There are many areas of law, not just the "Big Three" in IP of copyright, trademark, and patents.
They are certainly similar enough to be identified as their intended brands, so you've got copyright, trademark, trade dress, dilution by blurring, dilution by tarnishment, unfair competition, unfair or deceptive practices, making an association with a famous mark, false designation of origin, false descriptions, and more besides.
What is the cost to change them? Perhaps an hour of work? $20? $50?
What is the cost of a lawsuit? Even a Cease and Desist order is going to cost hundreds of dollars to make sure you resolve properly, plus they'll demand you change the logos.
Note how in BOTH cases you end up changing the cans. The only difference is one situation involves lawyers.
You can also leave them and accept the risk. But if you start to succeed or become successful or become popular, sooner or later you'll get a knock at the door demanding you to sign for receipt of a legal document.
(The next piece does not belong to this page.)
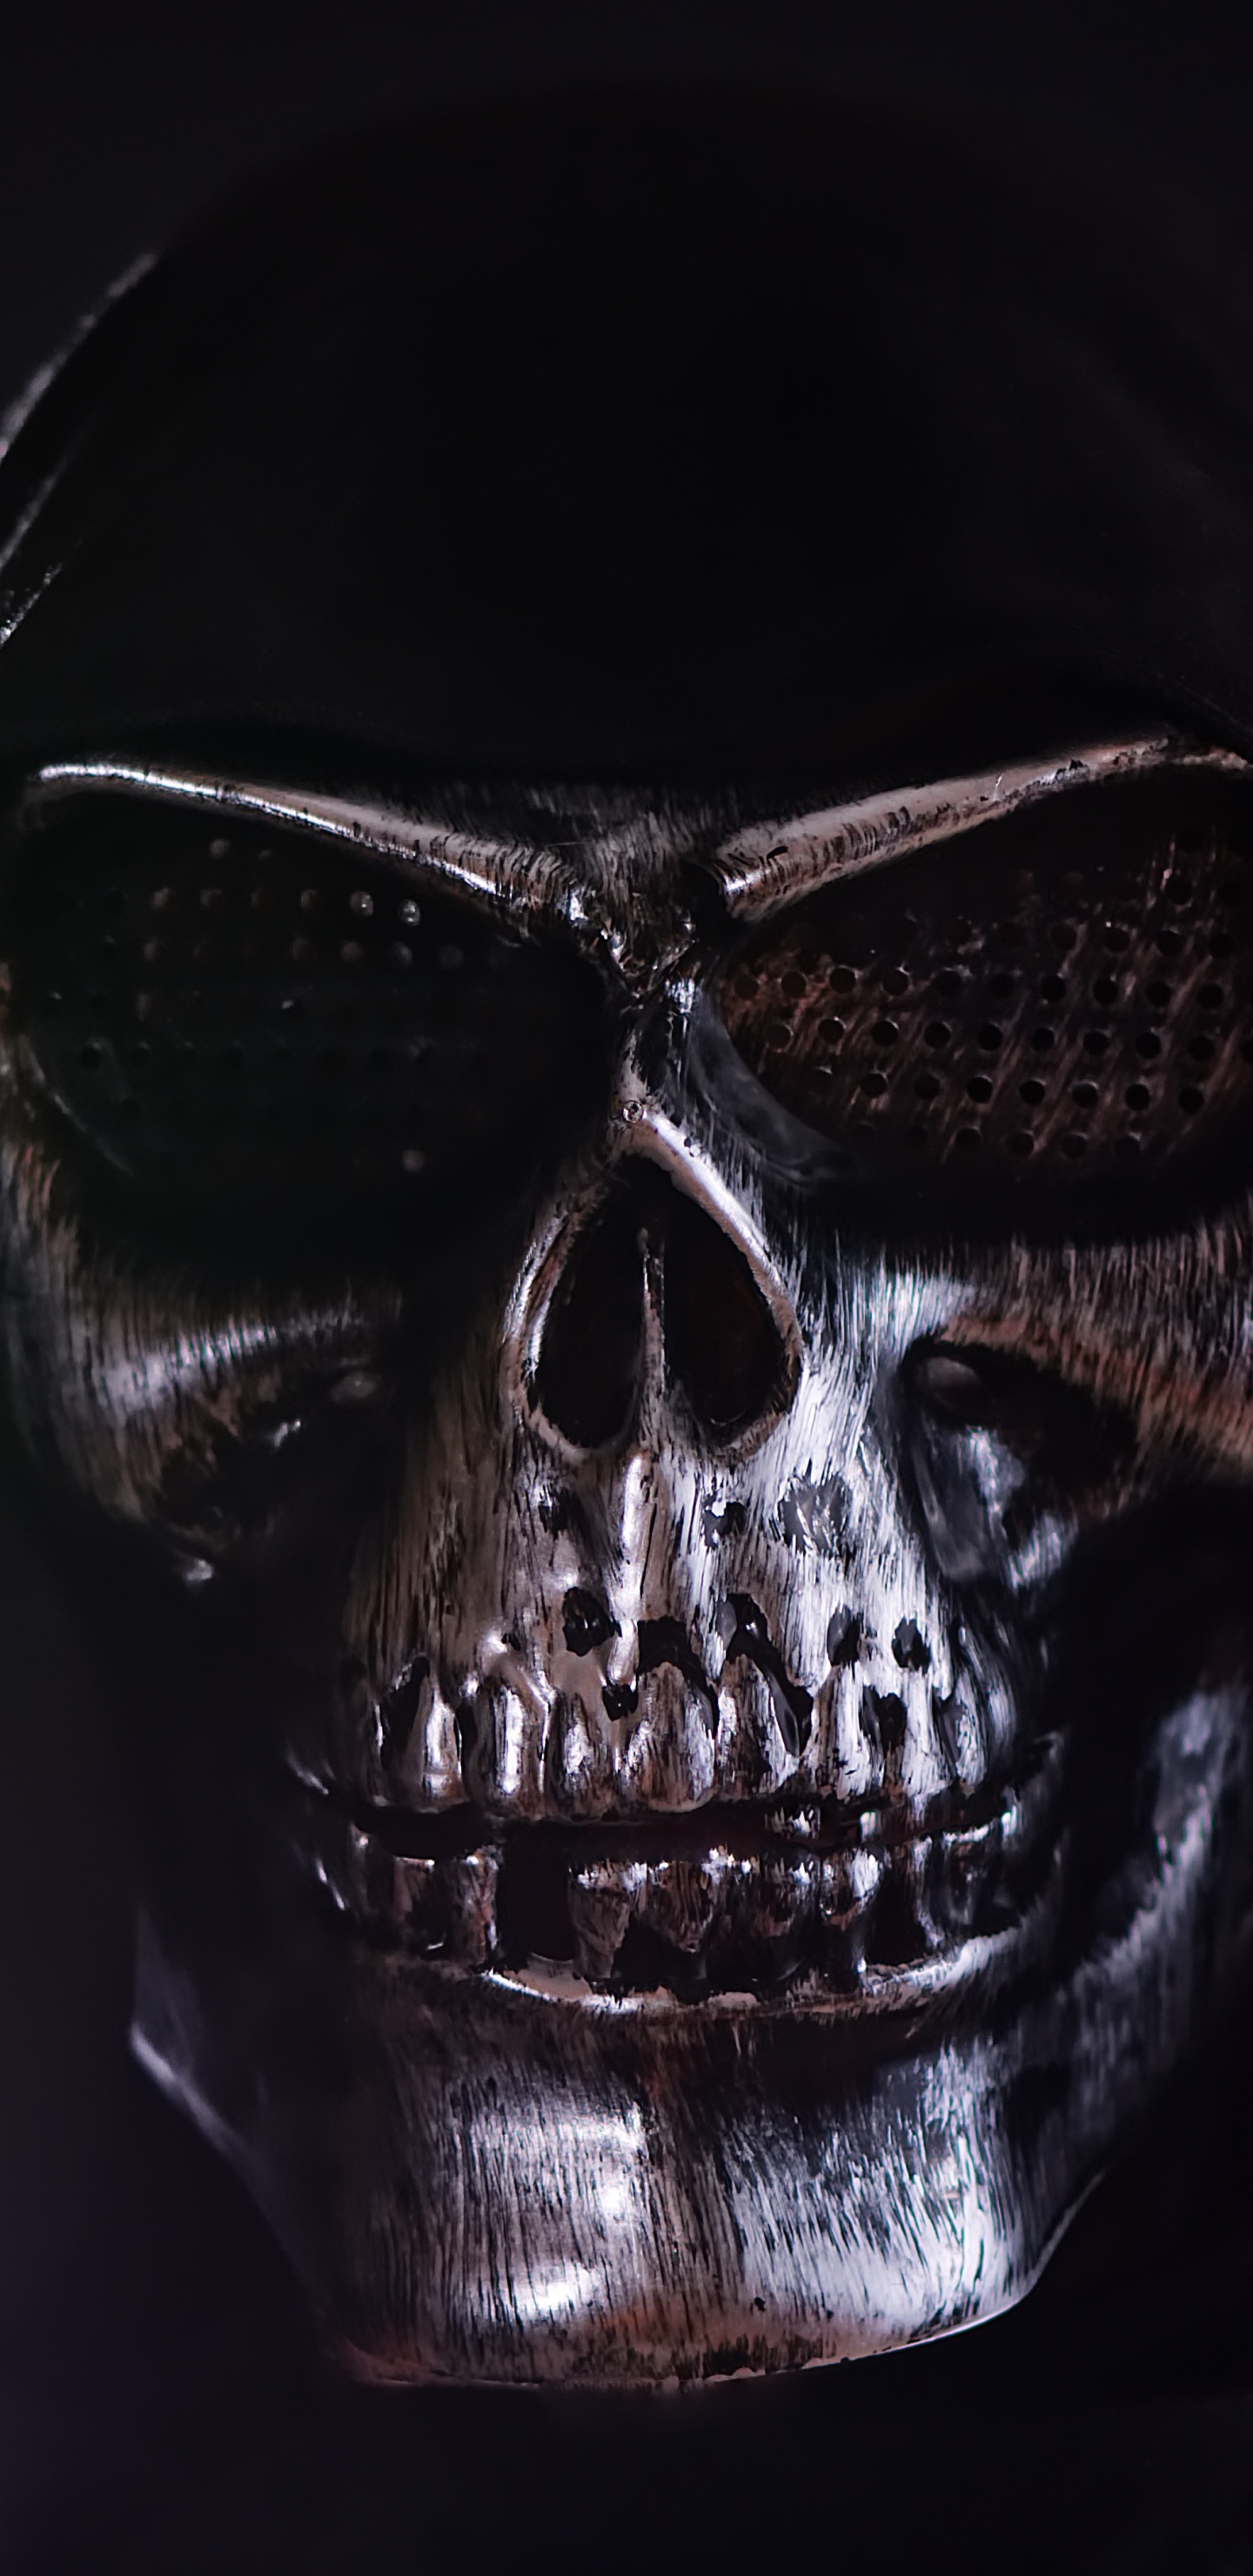 Masque de Crâne Noir et Argent. Wallpaper in 1440x2960 Resolution
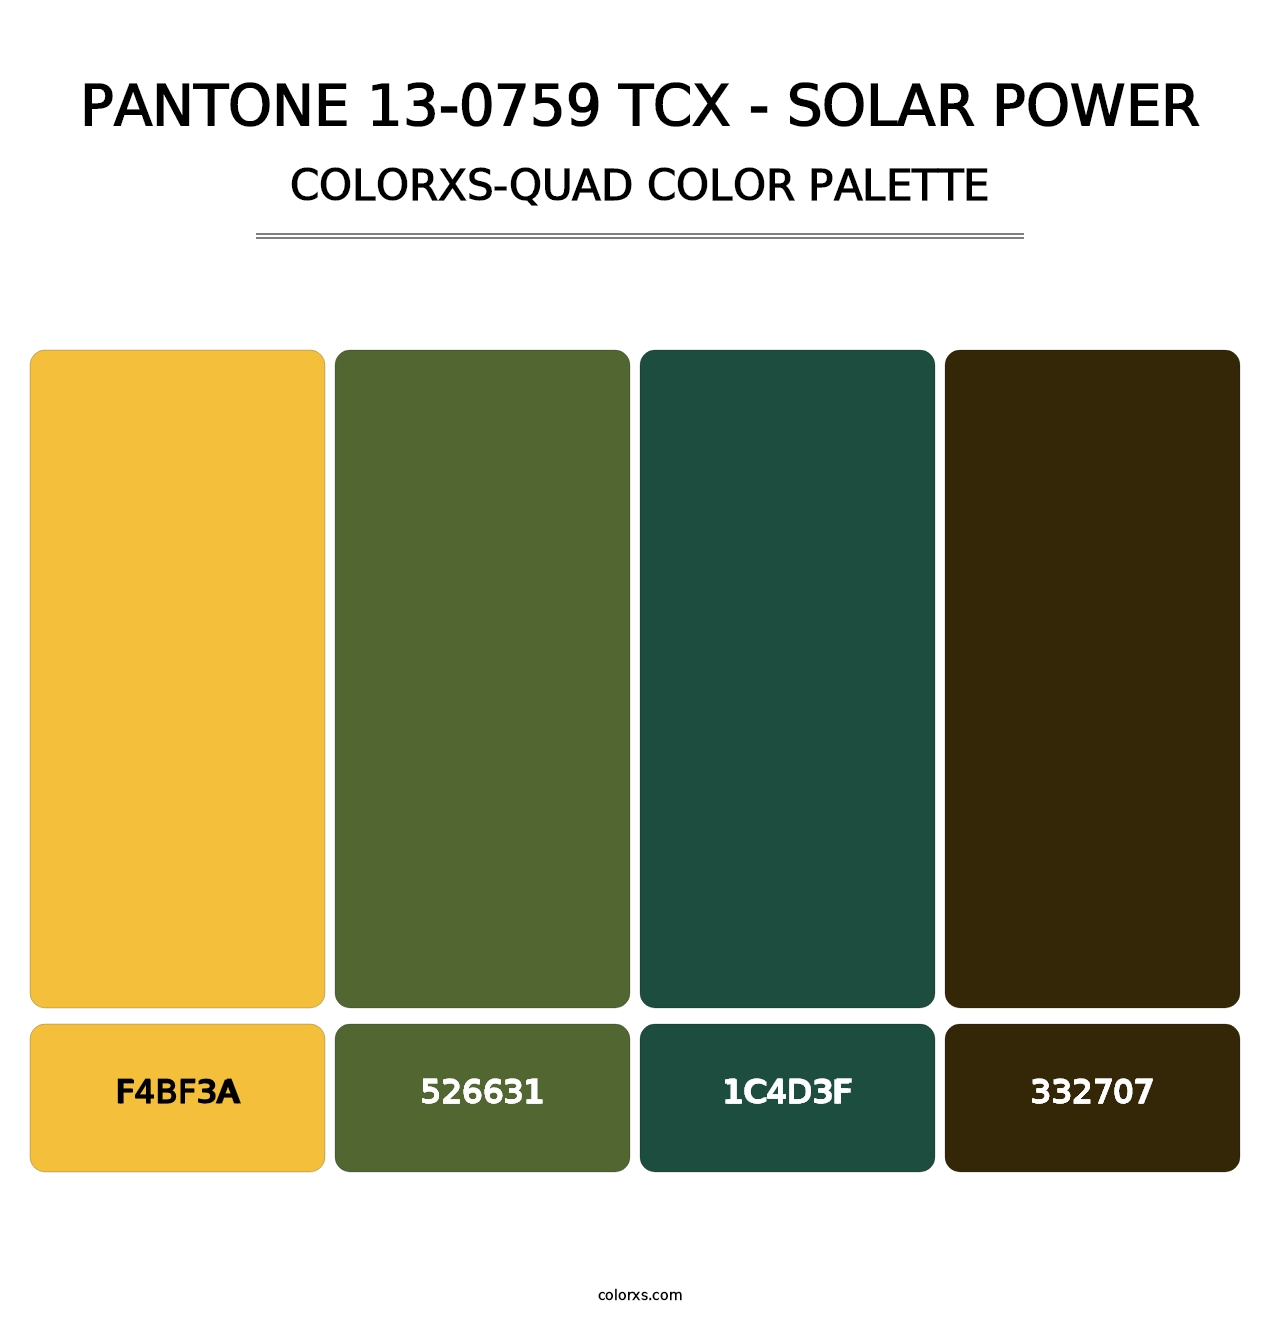 PANTONE 13-0759 TCX - Solar Power - Colorxs Quad Palette

About the only thing that is nearly always accepted as fair use is nominative use, using the thing's name. Saying "this is Pepsi" is not a violation because that is the name. Doing much more than that is often a costly idea.
If the only people who will ever see it are you and your best friends, the risk is approximately zero. ... Except you've already gone and posted it on the Internet, which has billions of viewers and never forgets. Oops!
Fair use is a local legal concept and varies by location. Even in the same location judges evaluate it differently. It is expensive to get wrong, and easy to get right by simply not using other people's ideas and properties.